After rocketing to Majors in '25, Tolle is ready to take next step

2:39 PM UTC

The arrival of to Fenway Park a mere 13 months after he was drafted felt unusually sudden, but also welcome to a fanbase that salivates over prospects.

As the Red Sox tried to improve their postseason positioning in 2025, pitching injuries were piling up. The club’s player development team reviewed all eligible call-ups and decided that Tolle – inexperience aside – was the best choice to start the night of Aug. 29 against the Pirates. Pittsburgh, incidentally, was starting some guy named Paul Skenes that night.

Perhaps it was a way for the Red Sox to get an instant look at how Tolle would handle being thrust into the spotlight so quickly.

The results spoke for themselves: 5 1/3 innings, three hits, two runs, eight strikeouts. Both runs scored after Tolle was removed from the game. The ovation from the Friday night crowd at Fenway was enormous.

The performance itself was a tease in a way.

Tolle wasn’t ready to contribute like that consistently, as he proved in two subsequent starts that weren’t nearly as lengthy or productive. But there were other flashes of brilliance, such as when he struck out four over three innings in his first relief appearance, including one heater that registered at 100 mph on the Fenway Park scoreboard.

Tolle’s brief body of work provides plenty of intrigue for just how big a role the team’s No. 2 prospect per MLB Pipeline can play for the 2026 Red Sox, and in what capacity.

And he has a chance this offseason to establish what kind of role he can play in the coming year.

“This offseason will be essential for him developmentally,” said Red Sox chief baseball officer Craig Breslow. “There is no secret he put on quite a bit of velocity last offseason, and there will be a focus this offseason on developing some of those secondaries. So, we’ll see what that looks like when we get to Spring Training.”

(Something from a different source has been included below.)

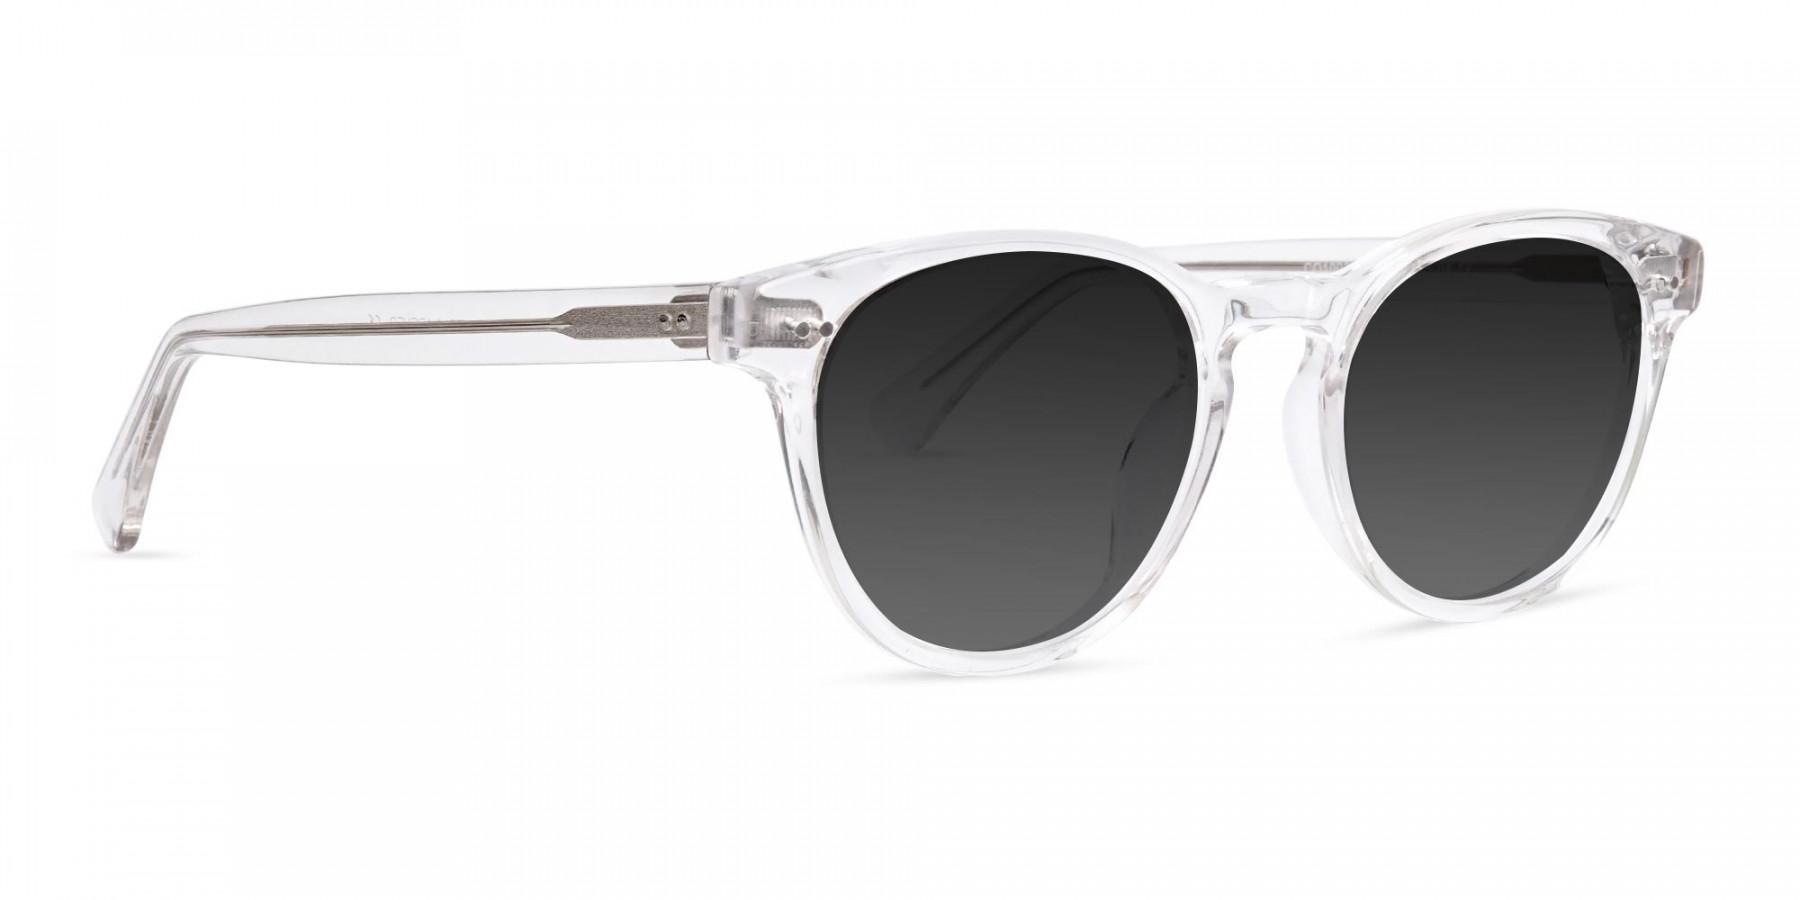 transparent-round-full-rim-dark-grey-tinted-sunglasses-frames-3

COMPLETE RED SOX PROSPECT COVERAGE

In his second Major League start in Arizona, the D-backs hunted his secondary stuff and Tolle got exposed, giving up five hits, five runs and two homers in three innings.

However, it was hardly a red flag for a pitcher with just 91 2/3 innings of experience in the Minors.

As a reliever, Tolle is probably already in position to succeed, just based on the 195 four-seamers he threw in his initiation to the Majors that averaged 96.7 mph. His cutter projects as a nice secondary offering.

But the 6-foot-6, 250-pound Tolle would provide the most value to Boston – or any club – if he can be an effective starting pitcher.

If that is going to happen with the Red Sox in 2026, it will be due to the physical and mechanical gains he makes.

In Breslow’s two-plus years leading the team’s baseball operations department, few things have been valued as much as drafting and developing.

Tolle has a chance to be a big success story for the evolving regime.

“We have been monitoring his work pretty closely, but there is nothing like stress-testing this in games against hitters,” said Breslow. “I think ultimately with a bunch of these young pitchers it’s going to be the case of when they get to Spring Training, performance is going to dictate where they end up.”